Tzippori Festival to mark stream restoration with music and more
Spring event over Passover break will bring together Jews and Arabs in lower Galilee for nature activities and performances by Ehud Banai and others
Jessica Steinberg, The Times of Israel's culture and lifestyles editor, covers the Sabra scene from south to north and back to the center
Meandering some 32 kilometers (20 miles), the Tzippori River, or Nahal Tzippori, links the outskirts of Israel’s northern metropolis of Haifa to the northern reaches of Israel’s largest Arab city, Nazareth.
Though more a trickle than a great gushing waterway in many places, the river, which was recently rehabilitated in a joint Environmental Protection Ministry and Agriculture Ministry project, will serve as the centerpiece of a spring music festival celebrating nature, hope and partnership for the lower Galilee.
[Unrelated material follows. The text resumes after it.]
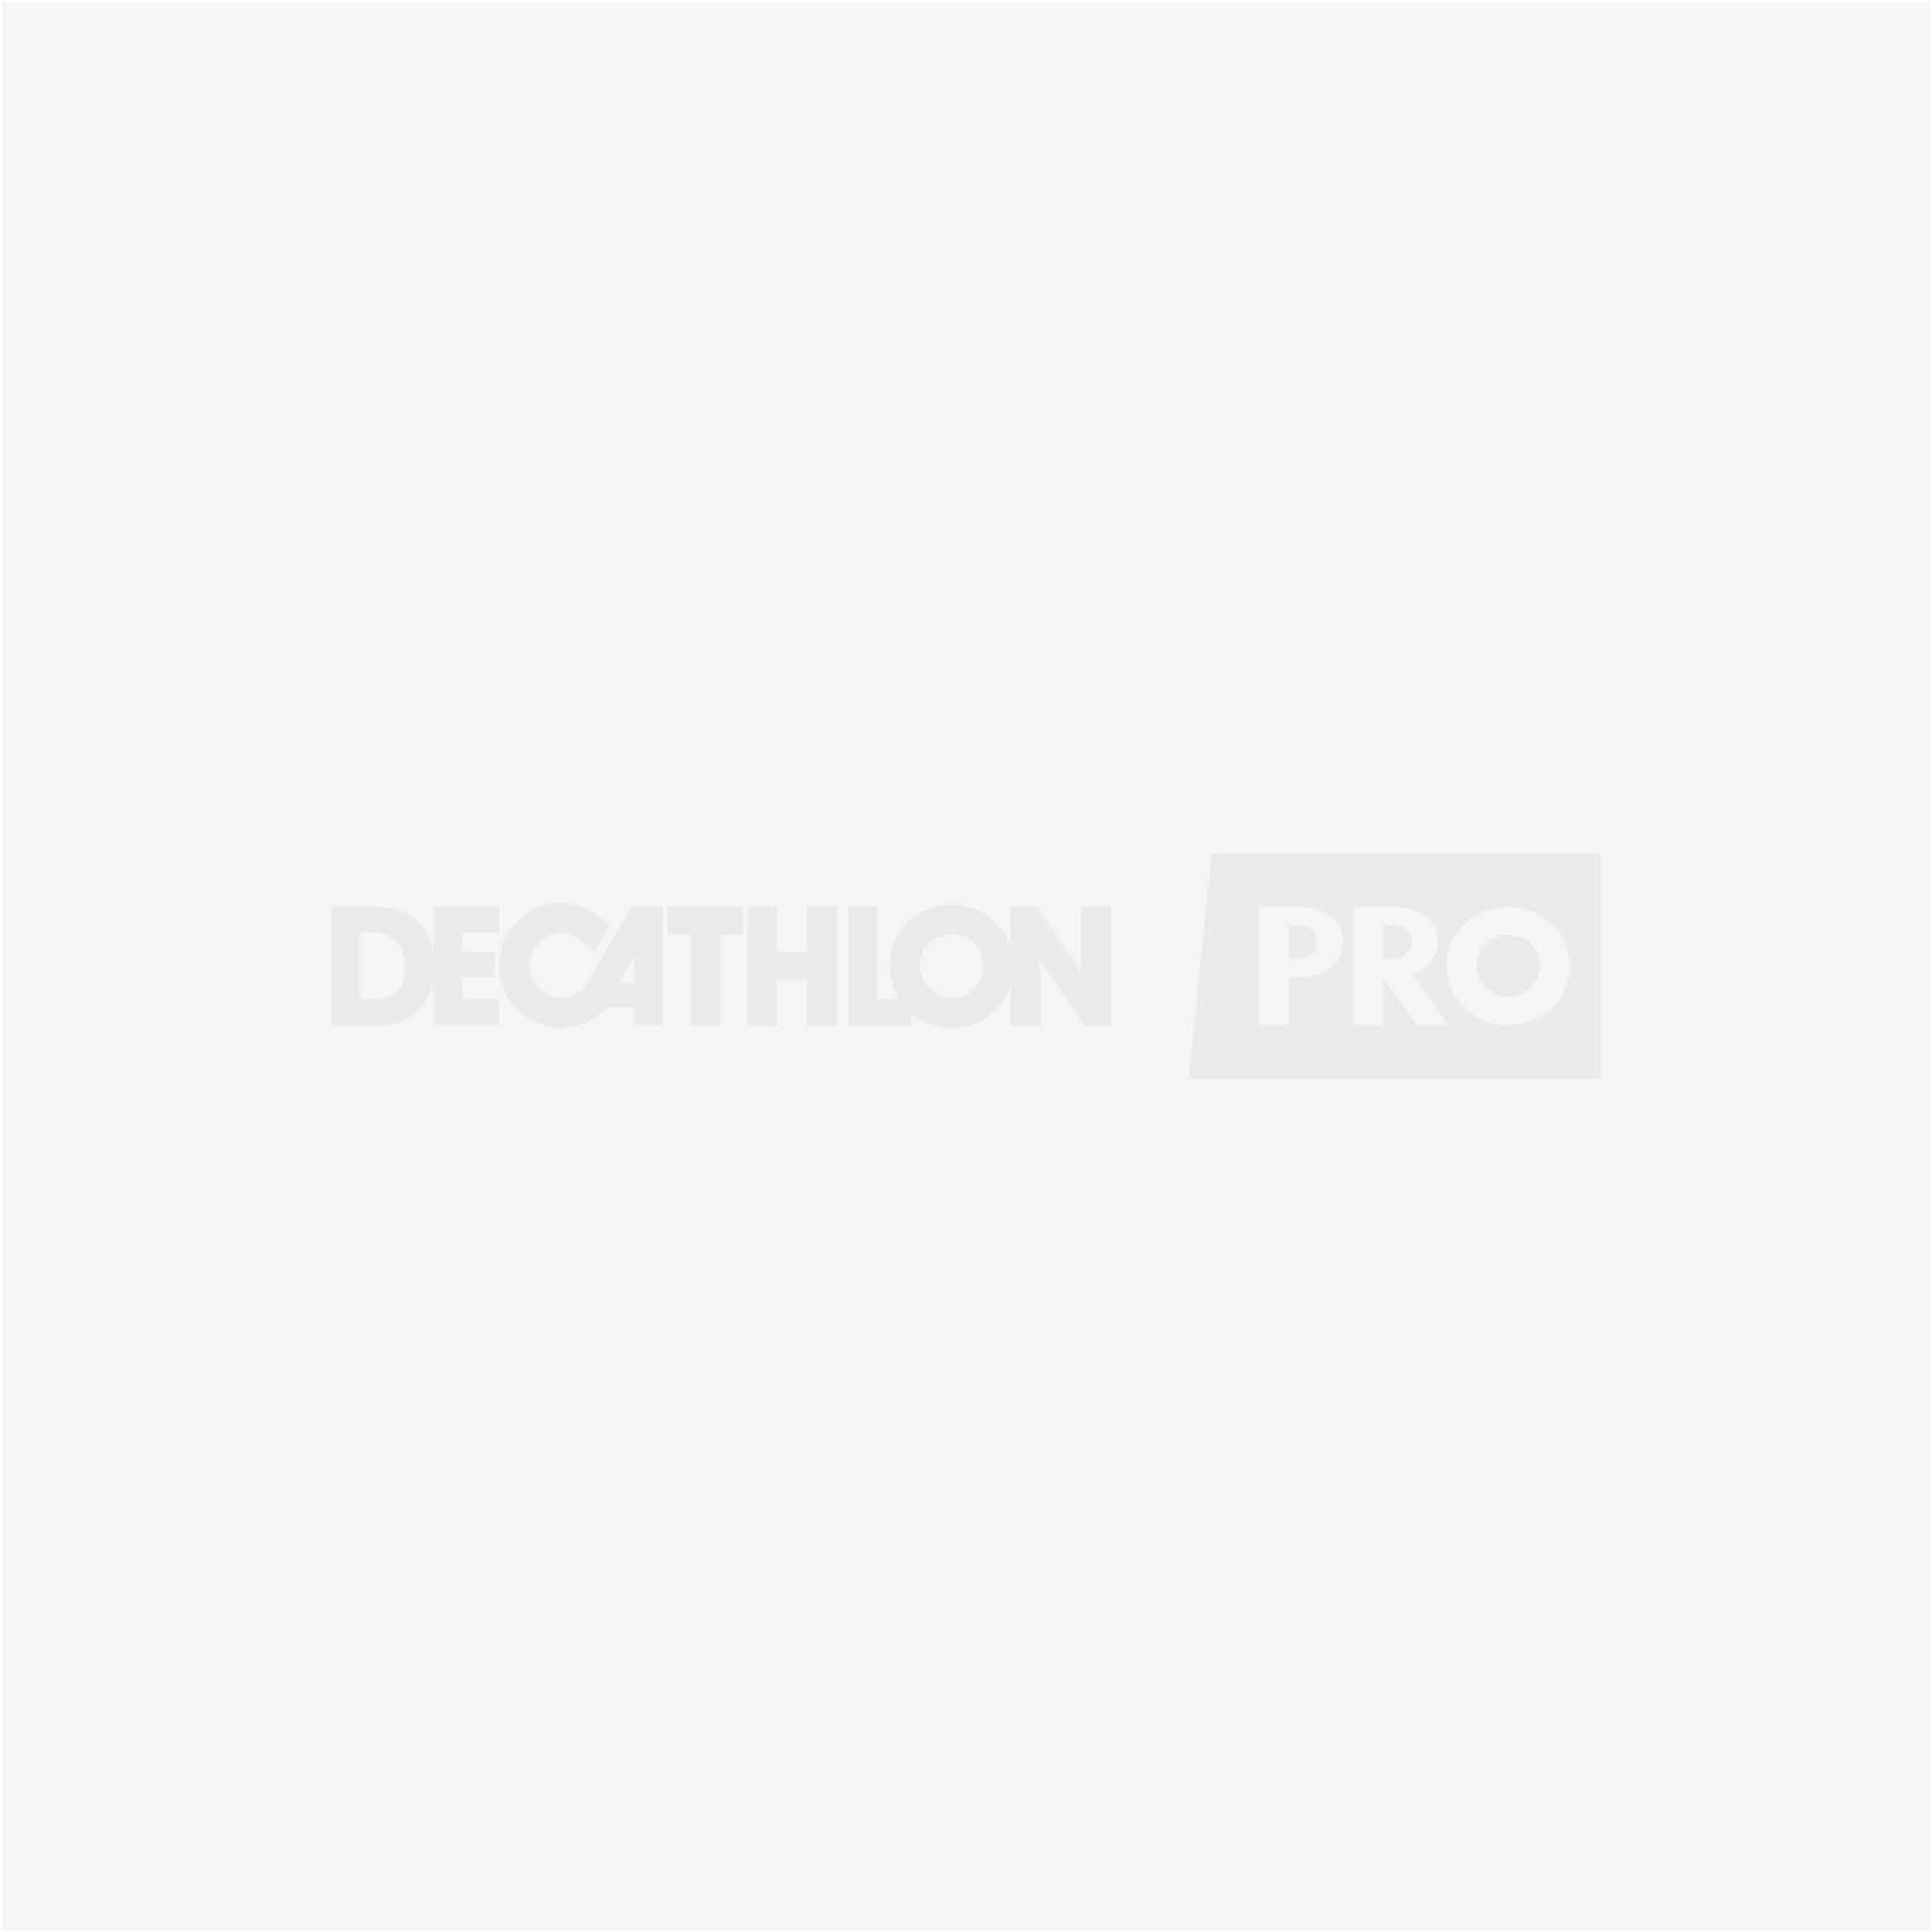 Rejoignez la team Decathlon Pro

The event — taking place from April 17 to 20, during the Passover break for schools — brings together all kinds of locals, including Jewish Israelis from the nearby communities and towns and Arabic-speaking Israelis from Nazareth and surrounding villages.
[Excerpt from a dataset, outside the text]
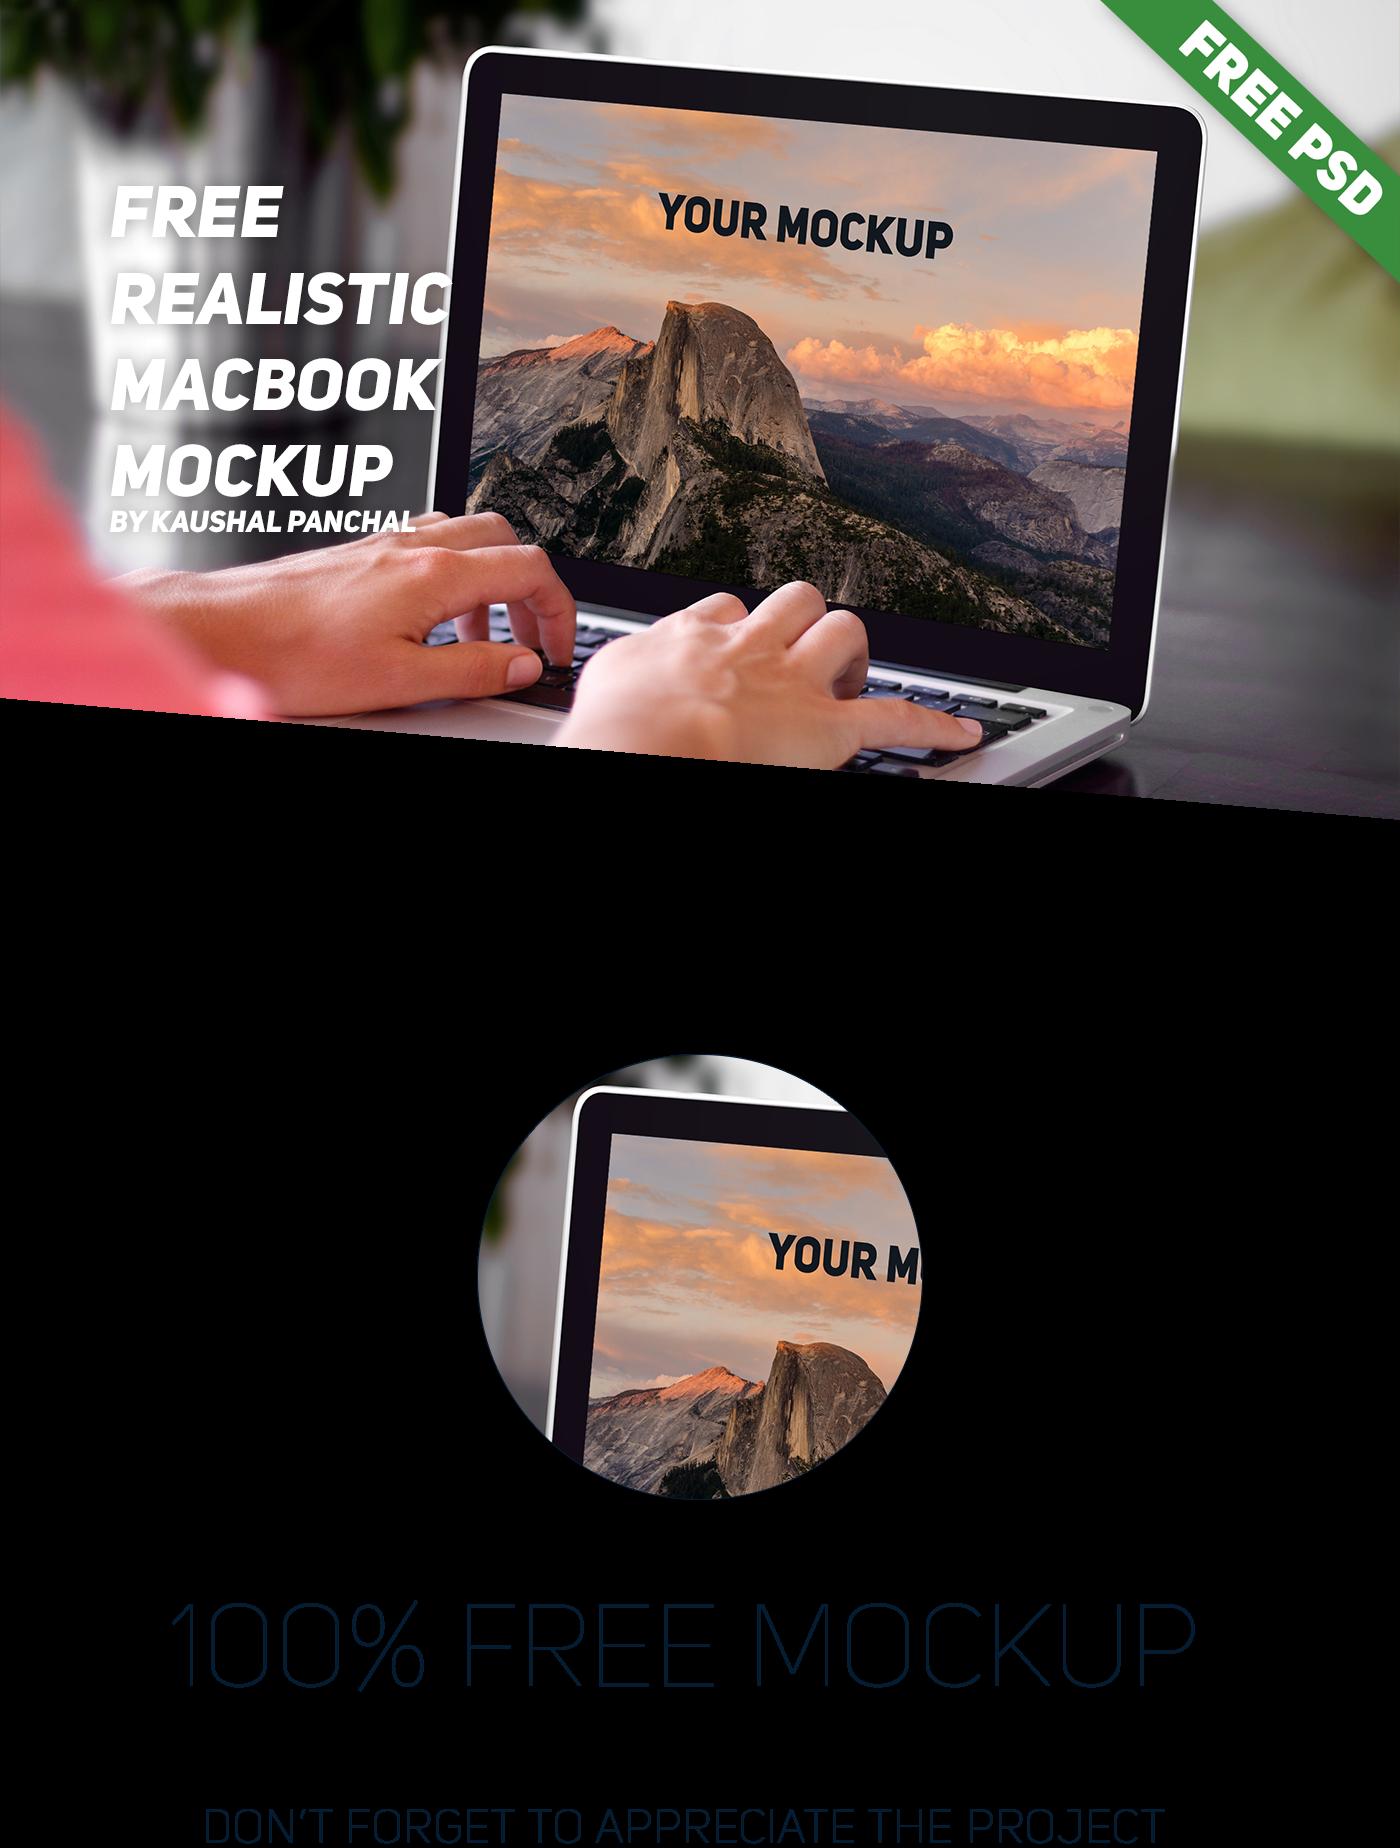 macbook mockup free psd free mockup  psd mockup realistic mockup free psd mockup free realistic mockup macbook pro macbook pro psd macbook pro psdmockup free

“The festival is an opportunity for us to make the voice of music heard as a factor that connects communities and cultures,” said Nabil Abboud Ashkar, artistic director of the Tzippori Festival and founder of Polyphony, the first classical music conservatory in Israel’s Arab community.
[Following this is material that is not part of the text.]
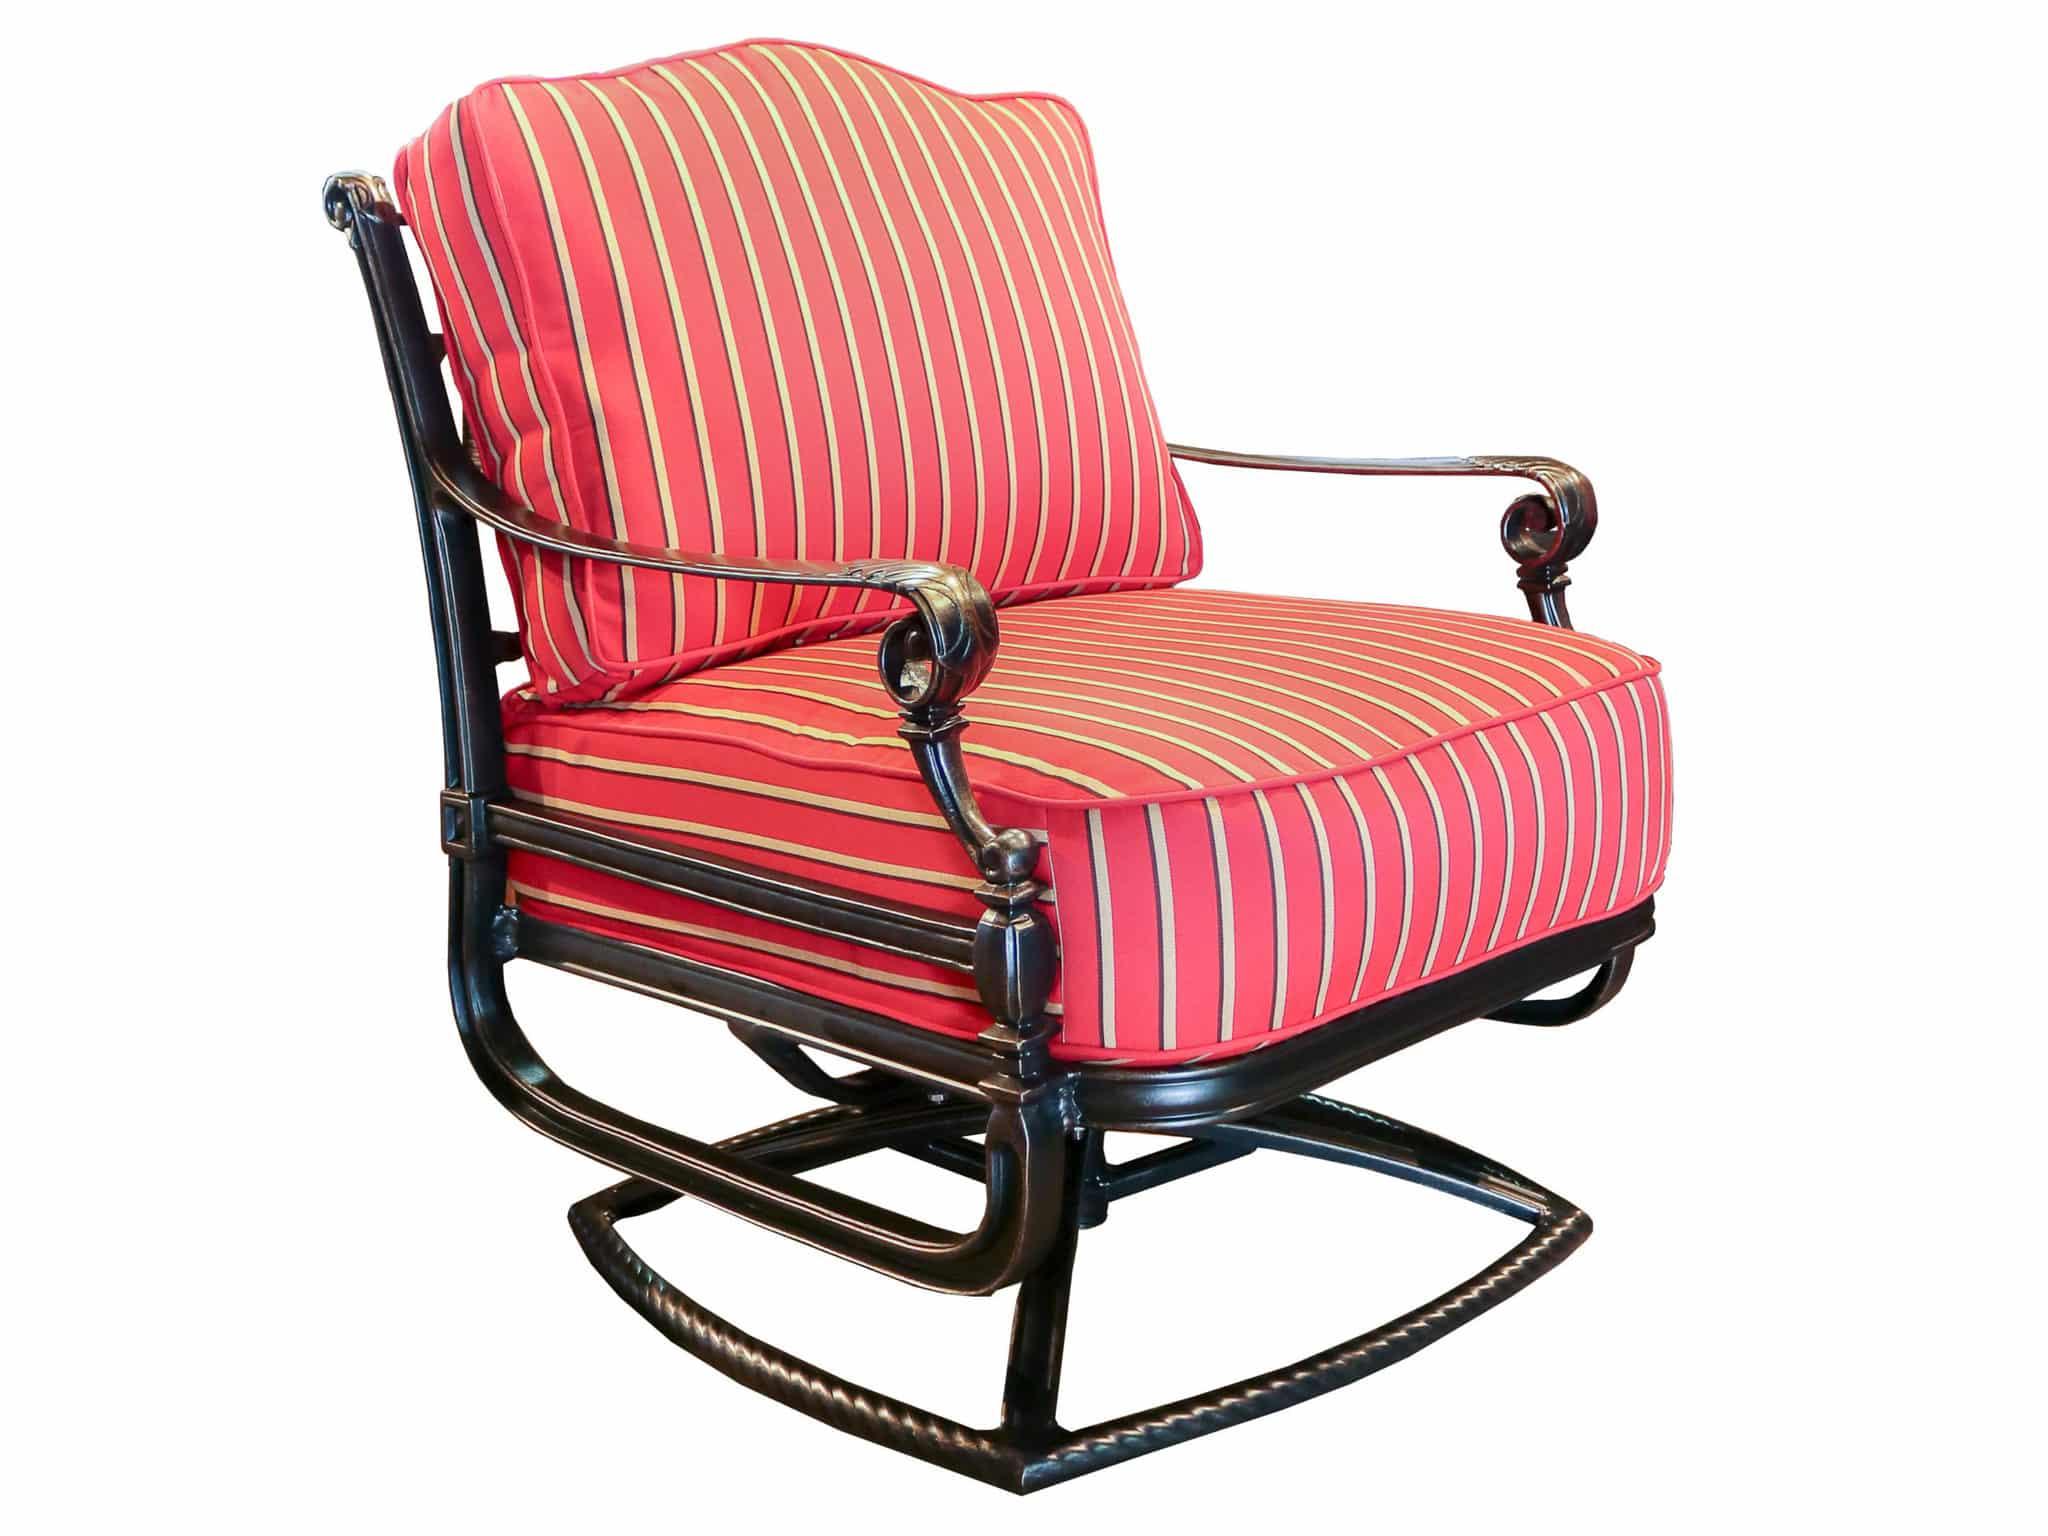 Gensun Grand Terrance Cushions by Hauser's Patio

“We see the restored Nahal Tzippori as a meeting place that connects the residents of the Galilee, the Jews and the Arabs, an opportunity to get out of the concert halls into the wonderful Galilean nature that surrounds us,” he added.
The festival includes musical performances from the likes of Ehud Banai and the Galilean Jish band, opera soprano Nour Darwish with the Nizar Elkhater ensemble and musical guest Maya Belsitzman, and performances by the 35-member chamber group Galilee Orchestra, composed of Jewish and Arab musicians from Polyphony.
The four-day festival will also include performances by the Kibbutz Contemporary Dance Company, guided walking tours, traditional Bedouin coffee ceremonies, a craft fair with goods made by local artisans, bike rides, foraging walks and basket-weaving workshops.